In all, 2,031 megawatts (MW) of PV were installed in the U.S. in the third quarter, the eighth consecutive quarter that the solar industry added more than 2 GW.
The capacity additions represent a 51 percent drop year over year. The cumulative year-to-date comparison puts the industry down 22 percent compared to this point in 2016. The report says this is in line with an expected 21 percent decline for all of 2016 versus all of 2017.
The residential PV sector fell 10 percent quarter-over-quarter. Declining growth is driven by weakness in California and major Northeast markets, which continue to feel the impact of pull-back from national providers.
In contrast to residential PV, the non-residential sector grew 22 percent year-over-year, primarily driven by regulatory demand pull-in from looming policy deadlines in California and the Northeast, in addition to the continued build-out of a robust community solar pipeline in Minnesota.

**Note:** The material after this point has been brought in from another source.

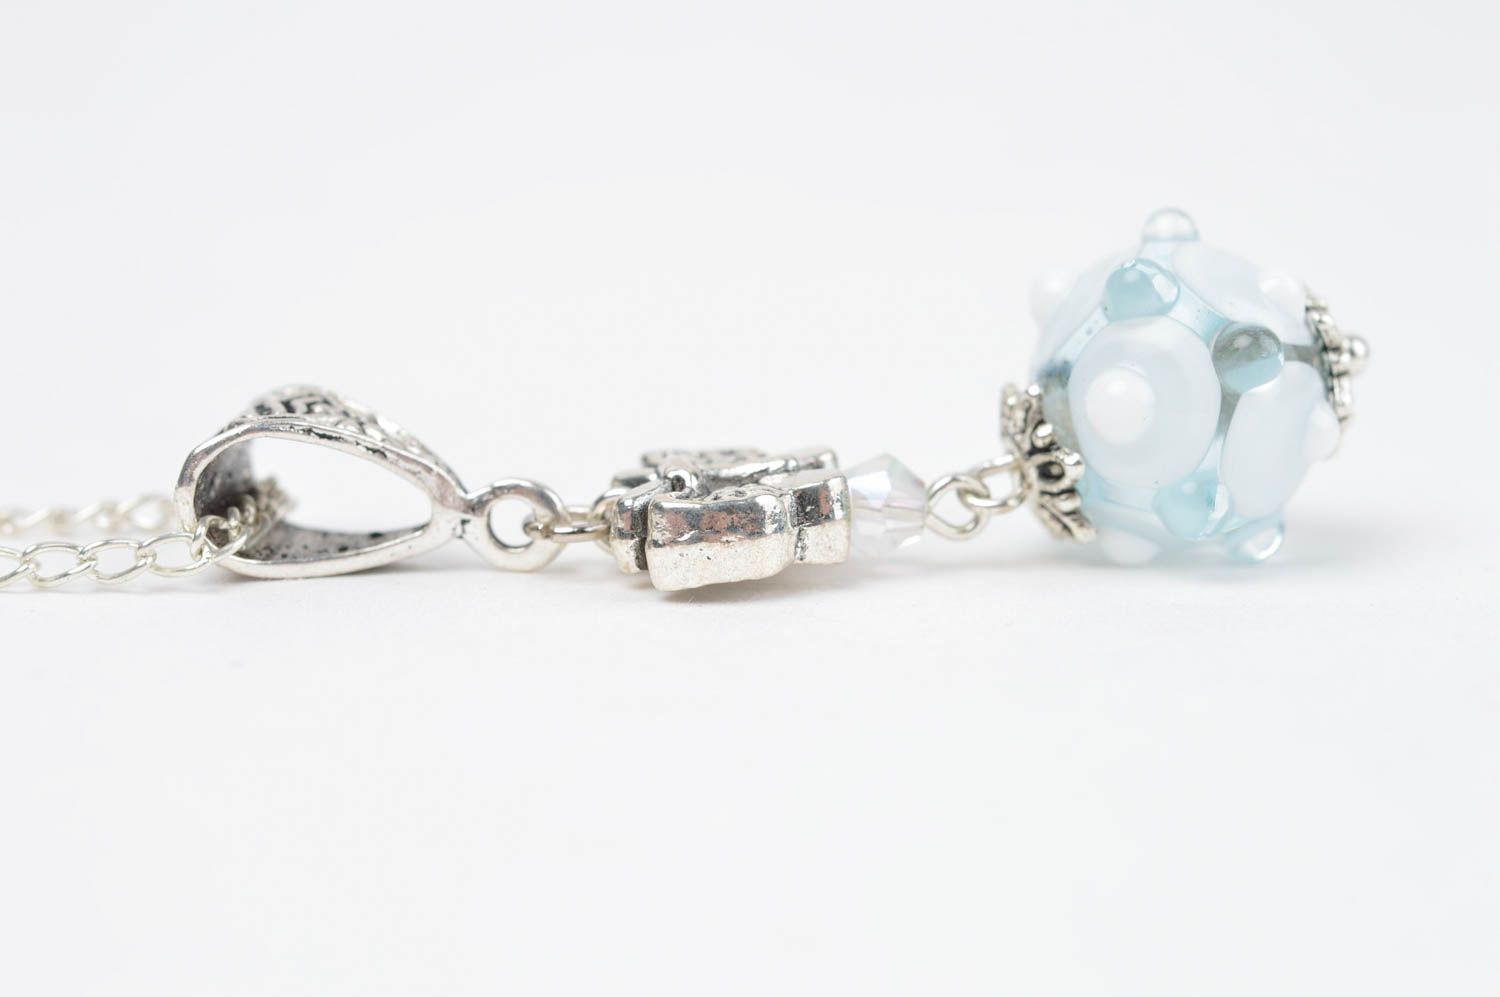 Beautiful handmade glass pendant neck pendant design lampwork pendant gift ideas photo 3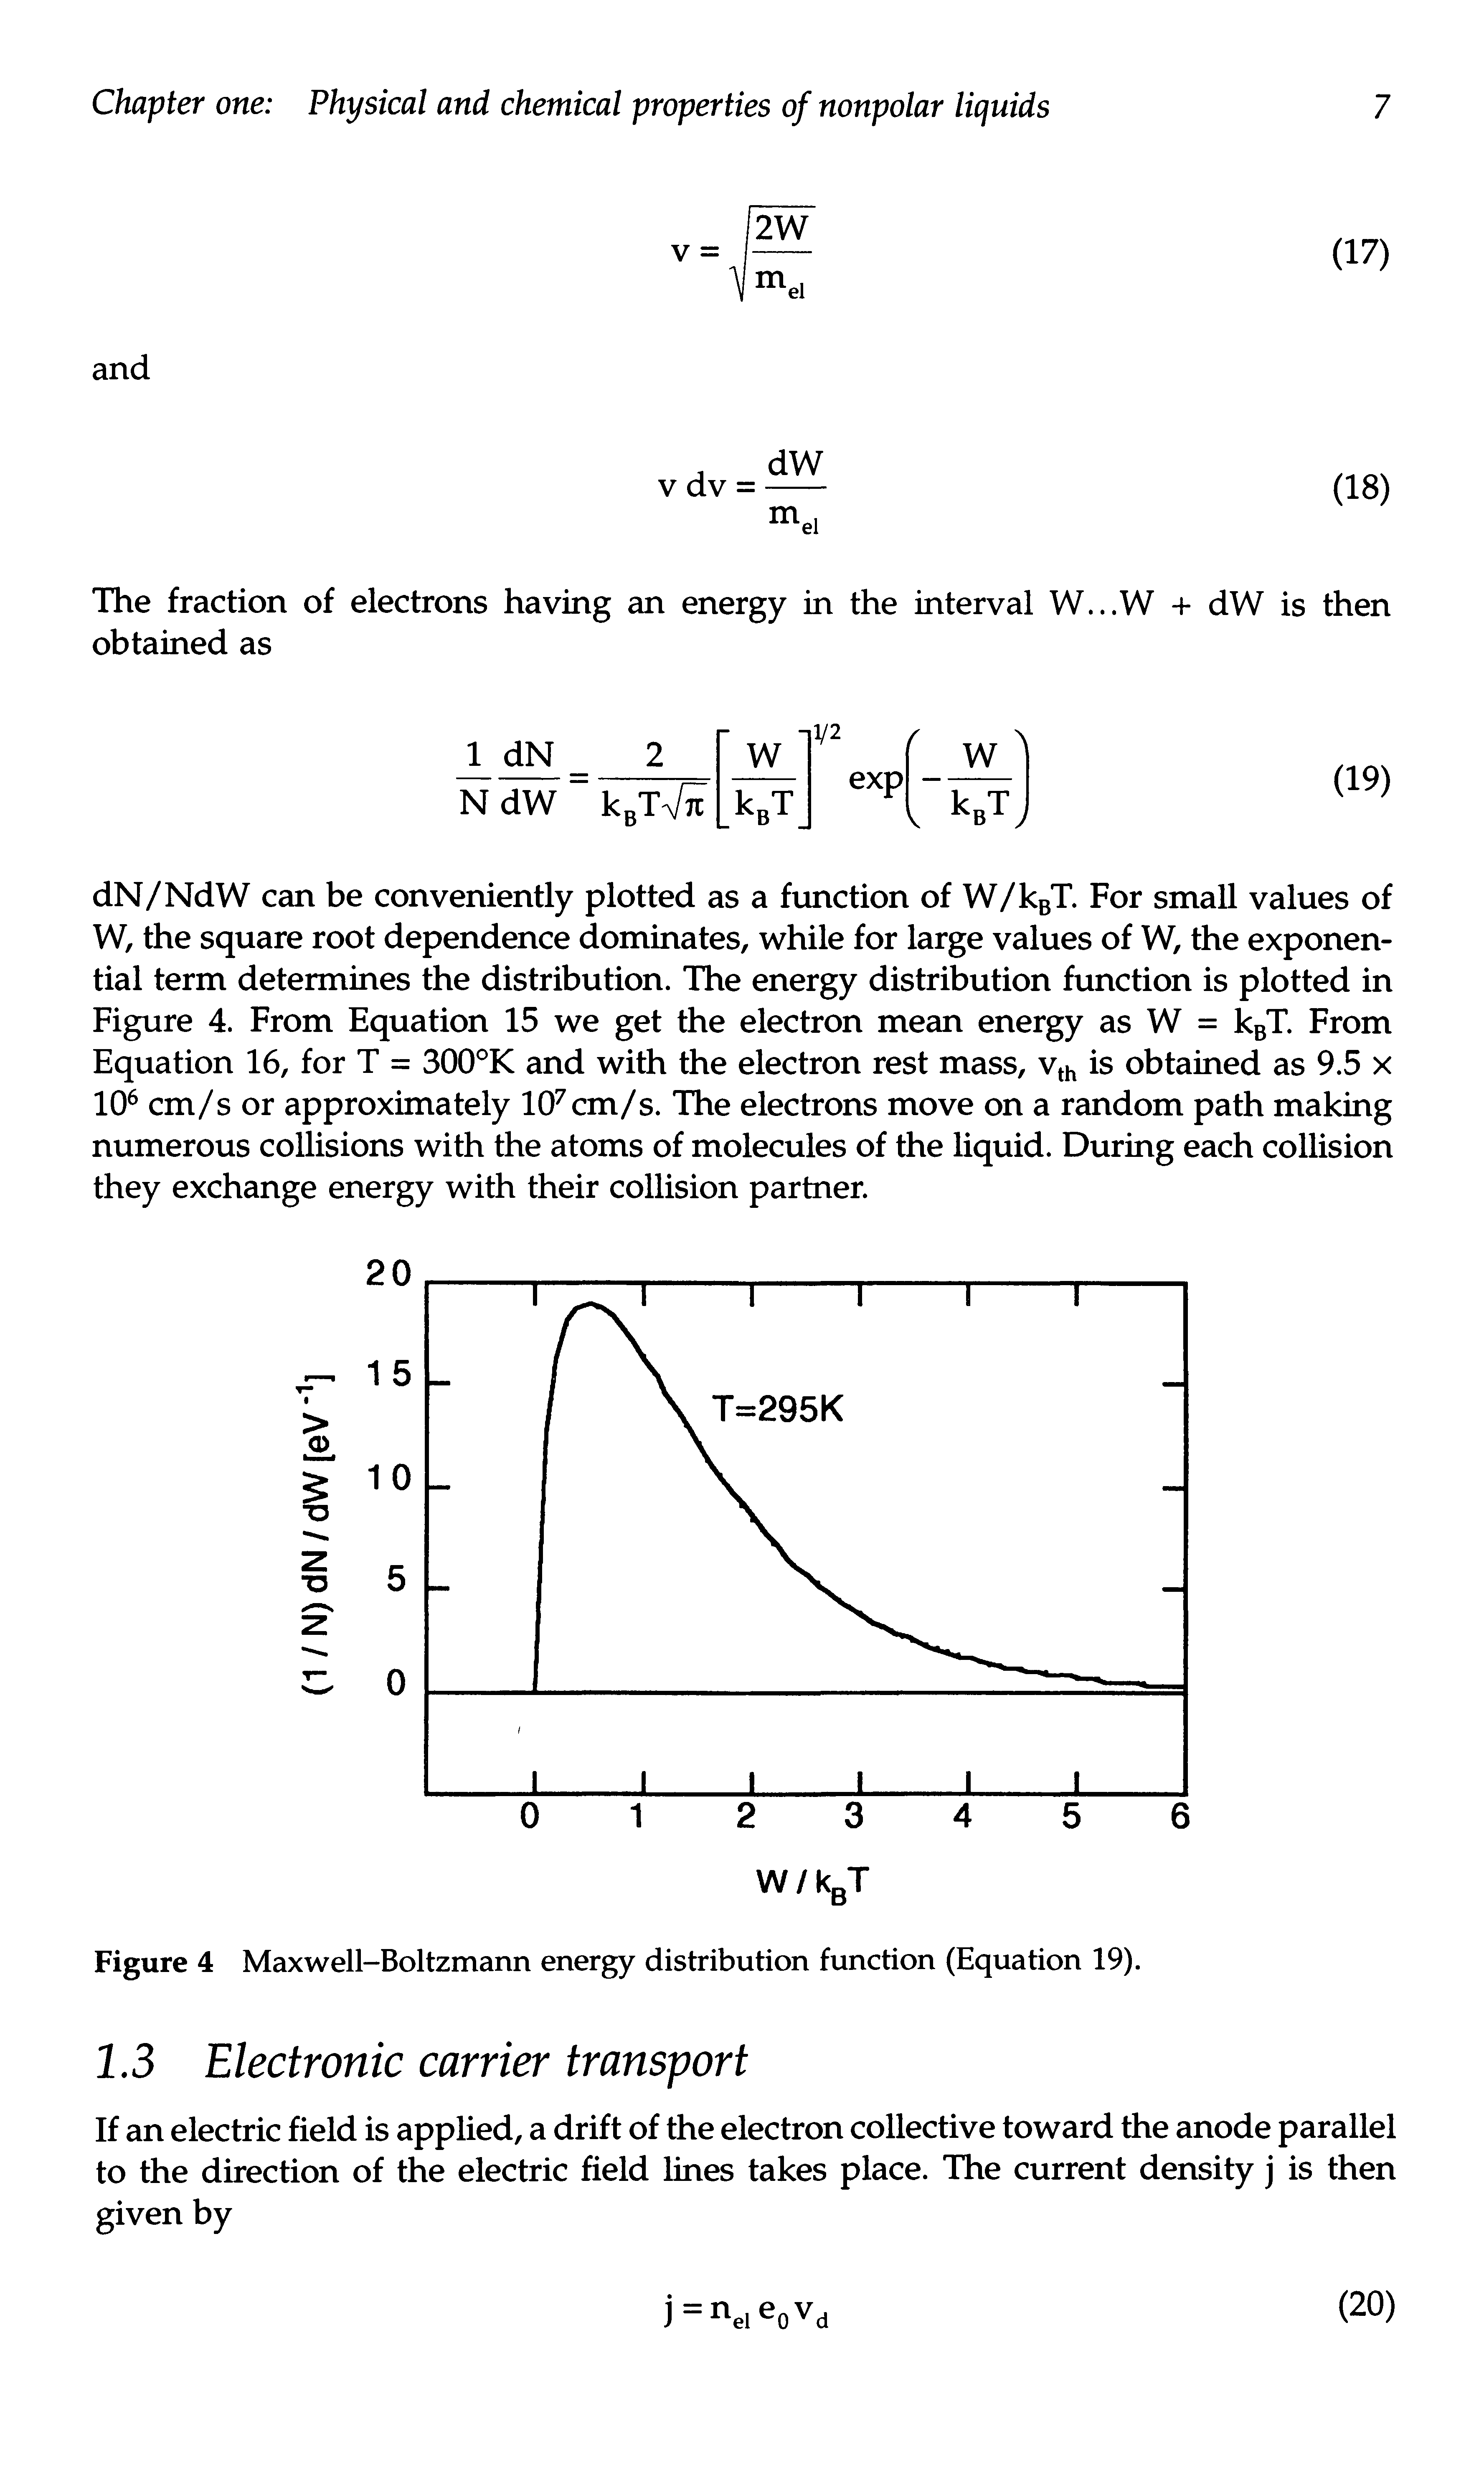 Figure 4 Maxwell-Boltzmann energy distribution function (Equation 19).

Through the first three quarters of 2017, 25 percent of all new electric generating capacity brought on-line in the U.S. has come from solar, ranking second over that period only to natural gas.
GTM Research forecasts that 11.8 GW of new PV installations will come on-line in 2017. That is down 22 percent from a record-breaking 2016. The forecast has been adjusted down from 12.4 GW last quarter to reflect continued challenges in the residential market and a delay in utility-scale completion timelines due to uncertainties surrounding the trade case.
The non-residential segment grew 22 percent year-over-year, installing 481 MW in Q3. Non-residential consists of commercial and industrial businesses that install solar, nonprofits and community solar programs.
The utility-scale segment was led by Nevada, North Carolina and Texas. The Lone Star State installed more solar in the third quarter than the state installed in all of 2015. Meanwhile, markets in the Southeast, including Florida, Mississippi and South Carolina, all are forecast to install more solar in 2017 than any year previously.
The report says 4 GW of utility-scale PV projects are currently under construction across the nation. GTM Research forecasts an additional 3.9 GW will come on-line by the end of the year. This would make 2017 the second-largest year for solar installations, second to 2016.
Despite more than half of U.S states now being at grid parity — meaning the levelized cost of energy is below electricity bill savings in the first year of system life — the U.S. residential segment posted its lowest solar installation total since the first quarter of 2015.
The report attributes the slowdown to persistent nationwide customer acquisition challenges and a move by solar installers that are pursuing profitable sales channels over growth. This has been particularly acute in mature markets that account for the majority of installation volumes, the report says.
Emerging markets, such as Florida and Pennsylvania, are expected to surpass 50 MW of residential capacity for the first time in 2017.
Looking forward to 2018 and beyond, both Section 201 remedies and corporate tax reform present considerable downside risk to the industry’s base-case forecasts, the report says.